[Python-Dev] unsubscriptable vs object does not support indexing

M.-A. Lemburg mal at egenix.com
Wed Sep 23 23:17:16 CEST 2009

Brett Cannon wrote:
> On Tue, Sep 22, 2009 at 20:08, R. David Murray <rdmurray at bitdance.com> wrote:
>> On Wed, 23 Sep 2009 at 02:01, MRAB wrote:
>>> Dino Viehland wrote:
>>>>  Is there a reason or a rule by which CPython reports different error
>>>>  message for different failures to subscript?
>>>>  For example:
>>>>>>>  set()[2]
>>>>  Traceback (most recent call last):
>>>>   File "<stdin>", line 1, in <module>
>>>>  TypeError: 'set' object does not support indexing
>>>>>>>  class c(object): pass
>>>>  ...
>> [....]
>>>>>>>  [].append[42]
>>>>  Traceback (most recent call last):
>>>>   File "<stdin>", line 1, in <module>
>>>>  TypeError: 'builtin_function_or_method' object is unsubscriptable
>> [...]
>>>>  IronPython had a bug report that we were getting this wrong for set
>>>>  objects and that “does not support indexing” was also a clearer error
>>>>  message.  I’m wondering if there’s some reason why the different error
>>>>  messages occur which I’m missing.   Otherwise I could switch to using
>>>> the
>>>>  more clear message or start marking types which should report the
>>>>  unsubscriptable error.  Does anyone have any insights into this?
>>> I thought that the difference might be between iterable and non-iterable
>>> objects, but then I'd expect the class 'c' to behave like the other
>>> non-iterables.
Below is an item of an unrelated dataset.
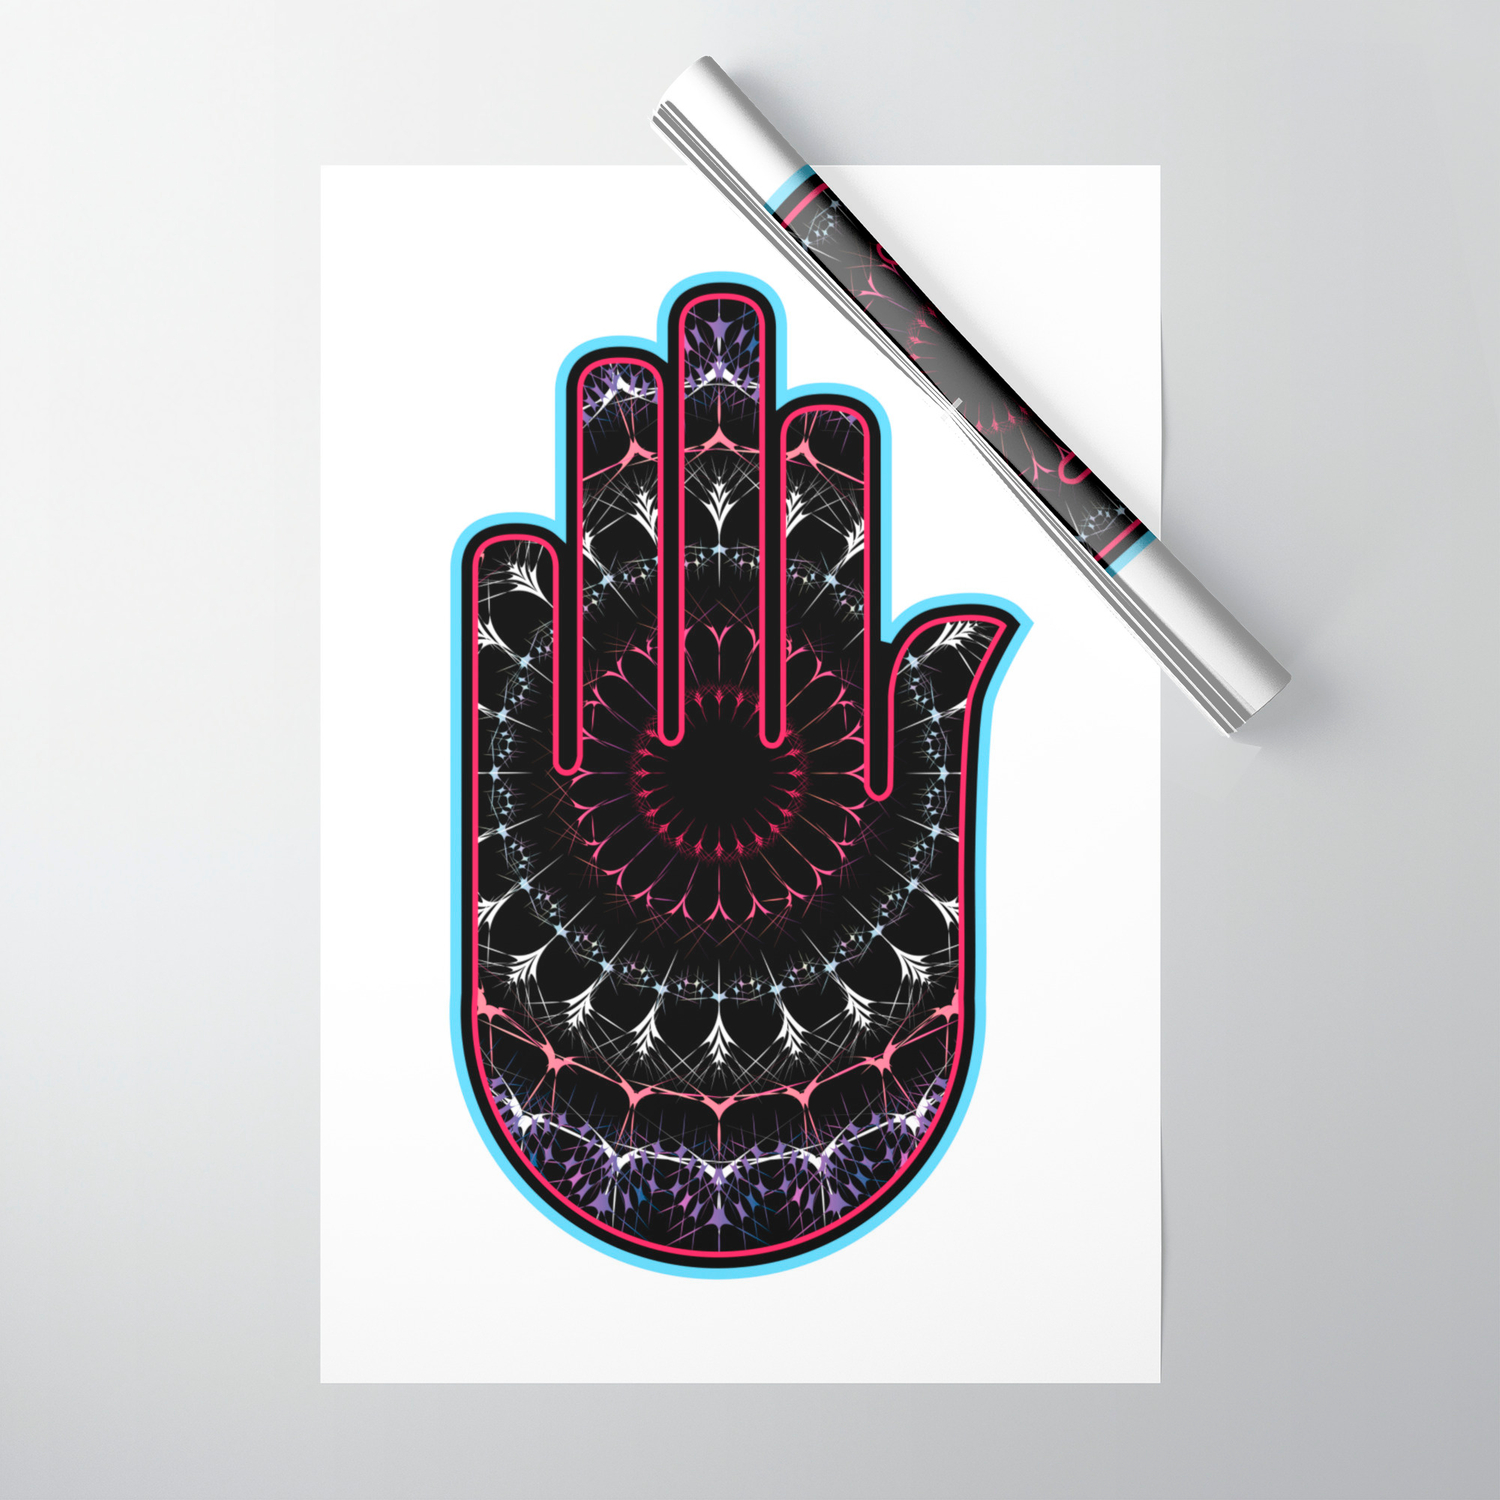 Hamsa Or Fatimas Hand Used As A Sign Of Protection In Middle East

In fact, the result is different again if it's an
>>> old-style class:
>>>>>>  class c: pass
>>>>>>  c()[2]
>>> Traceback (most recent call last):
>>>  File "<stdin>", line 1, in <module>
>>>   c()[2]
>>> AttributeError: c instance has no attribute '__getitem__'
>> Looking at the source, these messages are generated from abstract.c, and
>> the difference appears to be whether or not the tp_as_sequence slot is
>> filled in or not.  If it is, but there is no sq_item method, then
>> PySequence_GetItem gives the "does not support indexing" message.
>> If it isn't filled in, you get the 'not subscriptable"(*) message from
>> PyObject_GetItem.
>> The logic appears to be, roughly, if an object does not have mapping
>> methods, or has them but does not have mp_subscript, and does have
>> sequence methods but does not have sq_item, then you get a 'does
>> not support indexing'.  Otherwise you get 'not subscriptable'.
>> The question is, is this a useful distinction, or is it an
>> implementation artifact?
> Let's ignore history, which I bet is the reason for the distinction,
> and just look at the error messages; does the distinction make sense
> to a newbie? I would say no and that the "does not support indexing"
> error message is more useful. For expert programmers they could figure
> out the problem with either error message. The only help is if you are
> trying to debug a type, but I am willing to bet most of us didn't know
> the distinction at the C level until David looked it up.
> So I am +1 on unified the message and +1 on using the "does not
> support indexing" one.

+1 as well.

Note that the wording of error message has never been something
we guaranteed backwards compatibility for, so such changes are a
lot easier to implement than API changes.

(I just hope that doctest doesn't rely on the message texts.)